Generation of the TAM library and TAM depletion assay
A randomized TAM library containing a target sequence followed by eight randomized bases downstream was constructed. The synthesized single-stranded DNA (ssDNA) (HuaGene) was converted into double-stranded DNA (dsDNA) by annealing with a short ssDNA and second-strand synthesis using the Large (Klenow) fragment (New England Biolabs). The resulting dsDNA was then assembled into pACYC184 vectors using Gibson assembly (New England Biolabs). The products were purified using isopropanol, electroporated into TransforMax EC100 electrocompetent E. coli according to the manufacturer’s instructions and plated on chloramphenicol plates. After 13 h of growth at 37 °C, E. coli cells were scraped from the plates and extracted using a NucleoBond Xtra Midiprep kit (Machery Nagel).

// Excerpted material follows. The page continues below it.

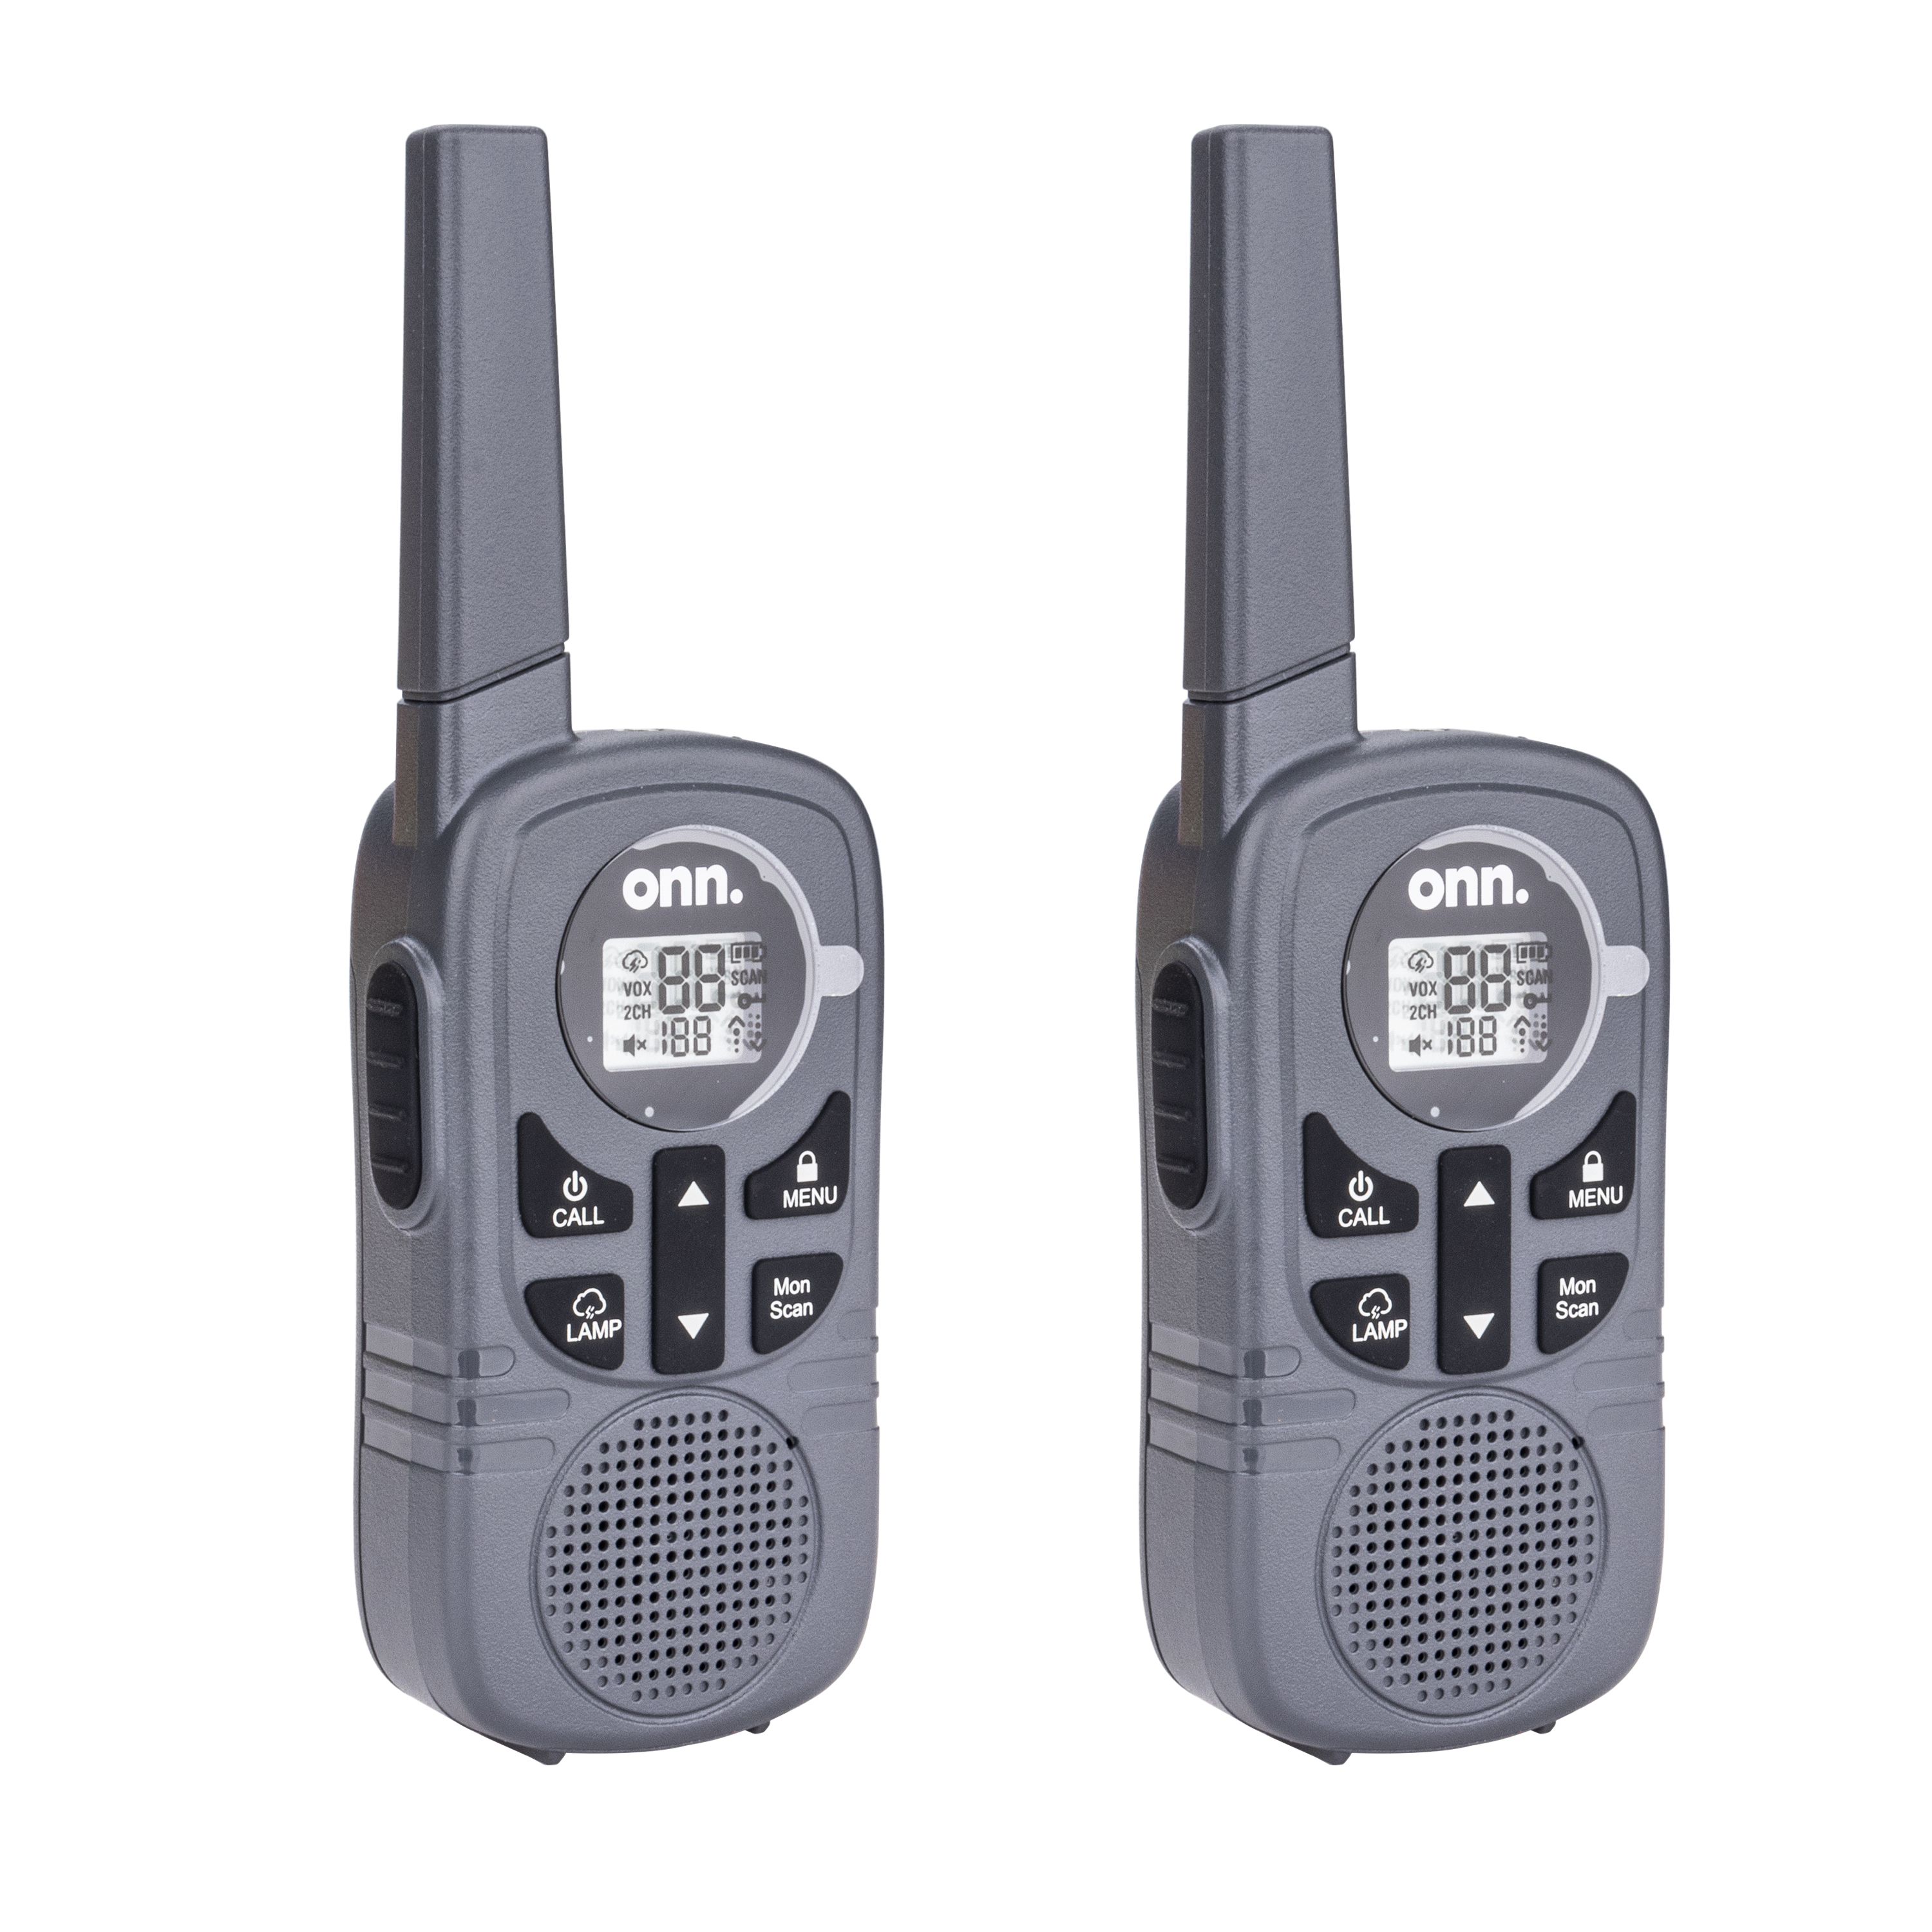 Onn. 16 Miles Walkie Talkies 2 pack  with Two Way Radios, LED Light, 121 privacy Channels - image 1 of 10

For the bacterial TAM depletion assay, we cotransformed 200 ng of TAM library plasmids and 300 ng of plasmids expressing E. coli codon-optimized IscB and ωRNA into TransforMax EC100 electrocompetent E. coli cells by electroporation. Then, the transformed cells were recovered for 1 h at 37 °C with antibiotic-free medium and plated on 250 mm × 250 mm carbenicillin and chloramphenicol plates. After 13 h of growth, cells were harvested and plasmid DNA was extracted using a NucleoBond Xtra Midiprep kit (Machery Nagel). The TAM-containing region was amplified by Phanta Max super-fidelity DNA polymerase (Vazyme Biotech) for 12 cycles and Illumina adaptors and unique barcodes were added by a second round of PCR for 18 cycles. The resulting PCR products were purified with a gel extraction kit (Omega) and sequenced by a Illumina NovaSeq 6000 platform with 150-bp paired-end reads (Genewiz).

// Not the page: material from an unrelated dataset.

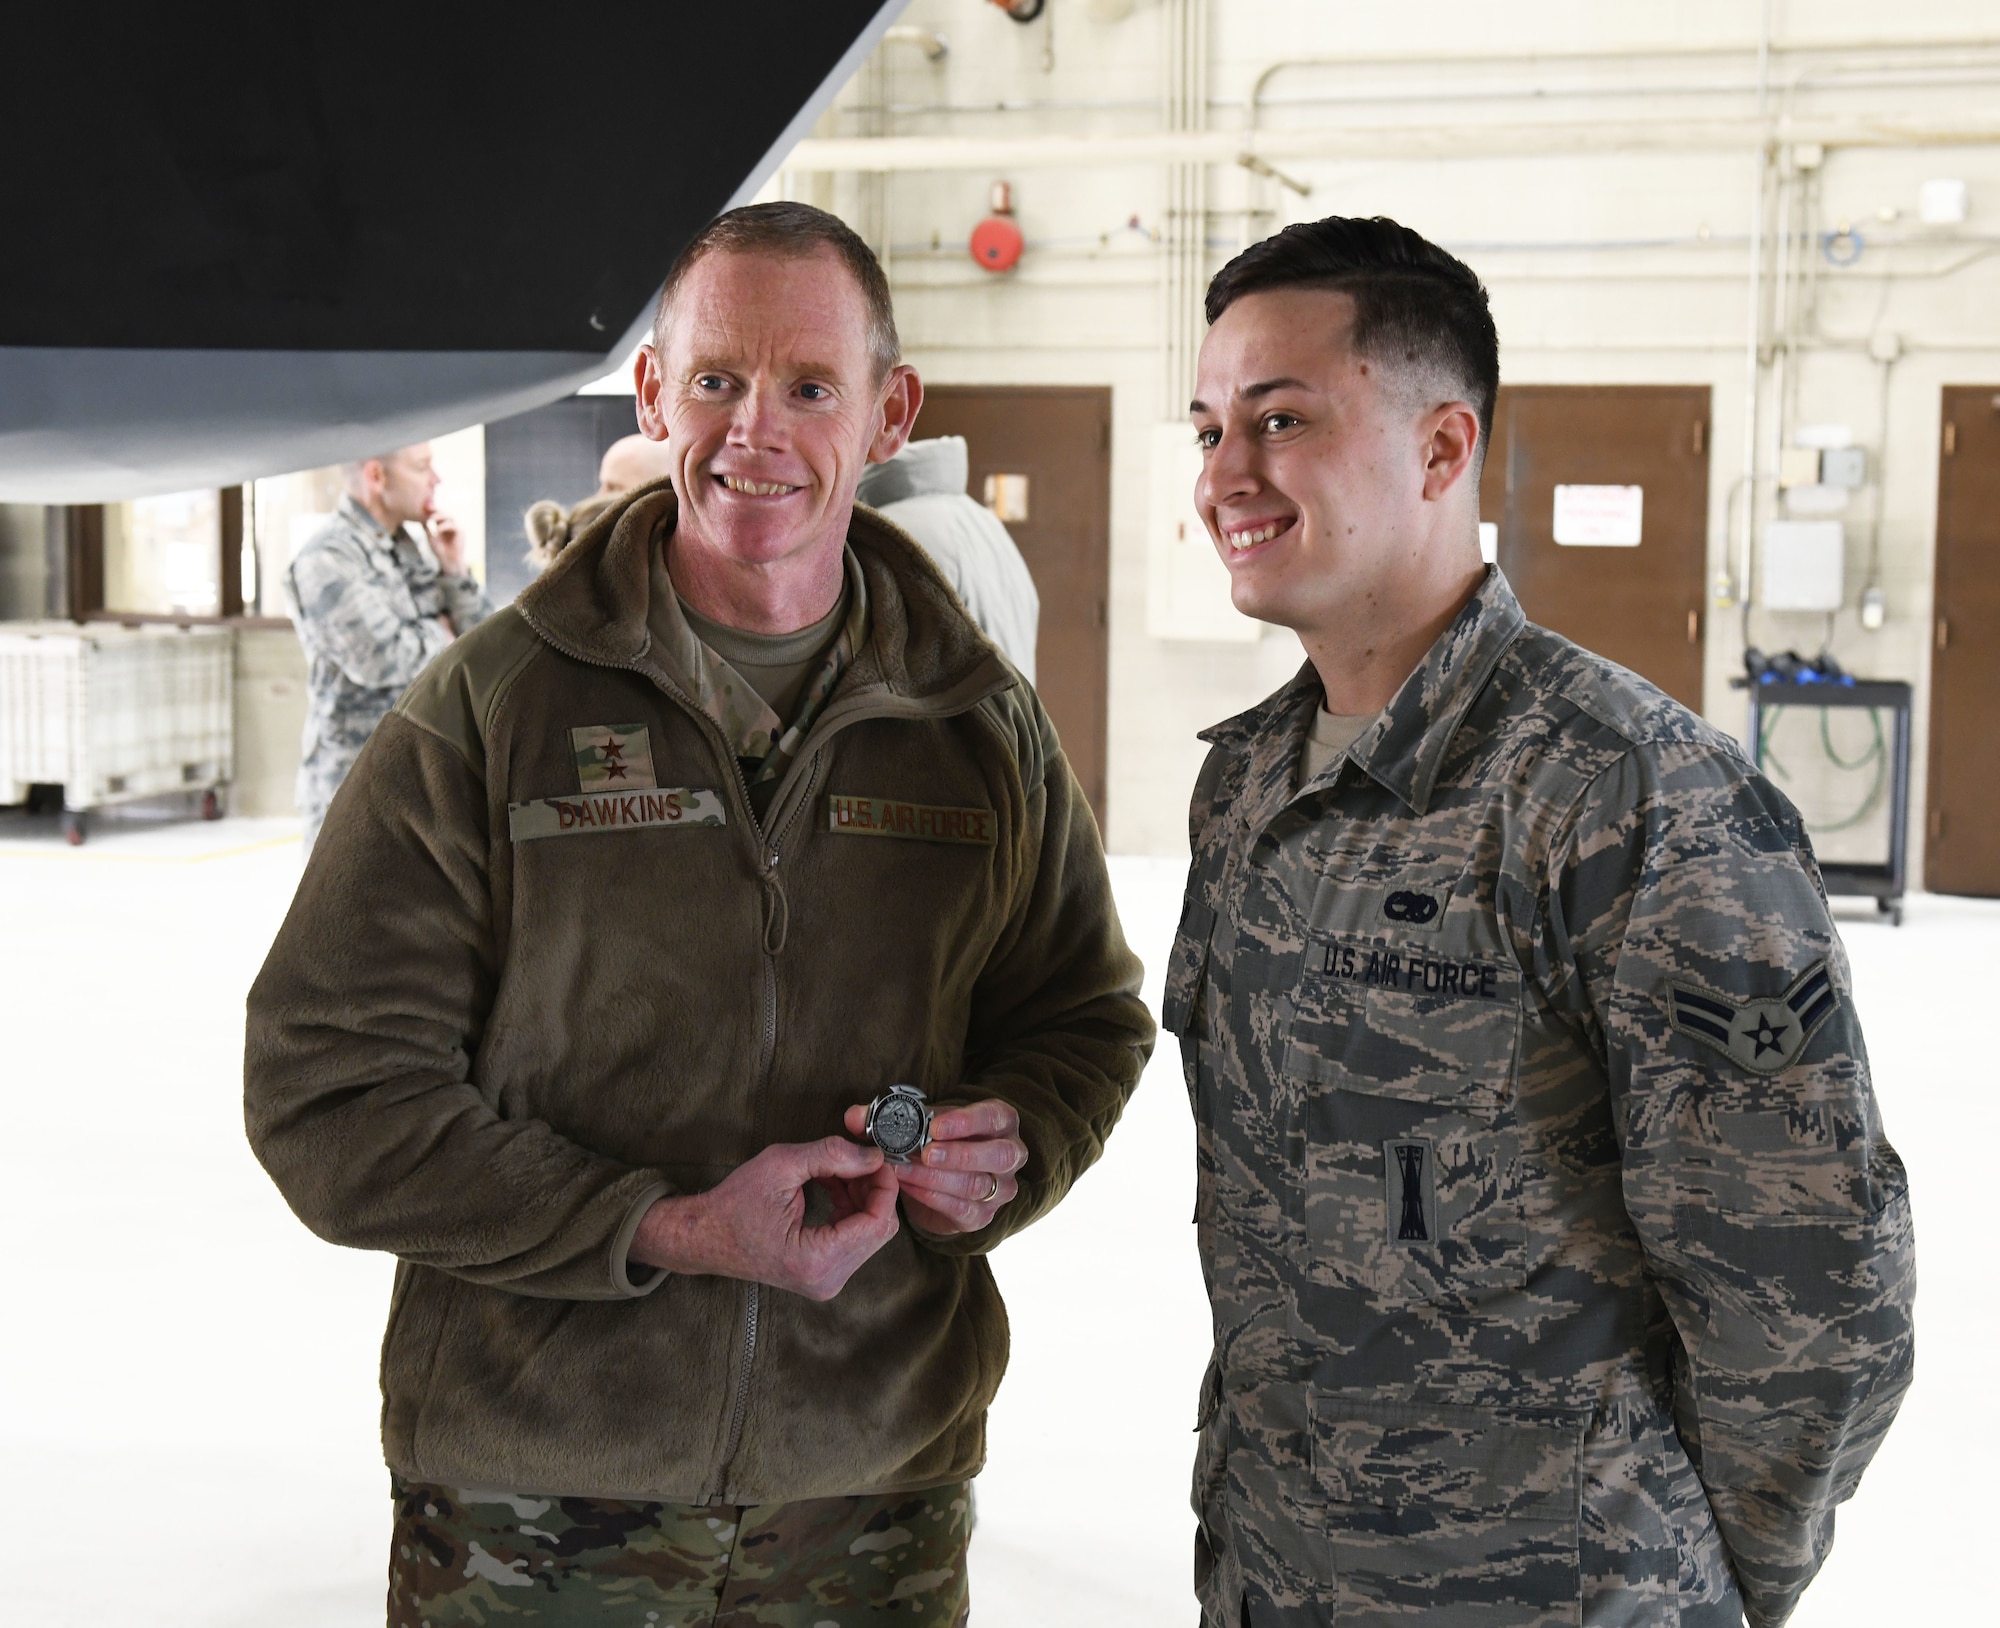 U.S. Air Force Maj. Gen. James Dawkins Jr., the 8th Air Force and J-GSOC commander, coins Airman 1st Class Kelsey Gray, a 28th Bomb Wing aircraft maintenance squadron weapons loader, while viewing a B-1B Lancer at Ellsworth Air Force Base, S.D., Nov. 13, 2018. Dawkins discussed the importance of taking care of people during his all call. (U.S. Air Force photo by Airman 1st Class Thomas I. Karol)

TAM regions were extracted, counted and then normalized to the total TAM counts for each sample. For each specific TAM, TAMs that appeared more than once were filtered and the log fold change (logFC) of its frequency was measured as the log ratio compared to nontarget control. Depletions with a logFC < −3σ (s.d.) were considered statistically significant. A position weight matrix (PWM) was built from all significantly depleted sequences, with −logFC values serving as the corresponding weight. A sequence logo was generated on the basis of this PWM using WebLogo (version 3.7.12)17.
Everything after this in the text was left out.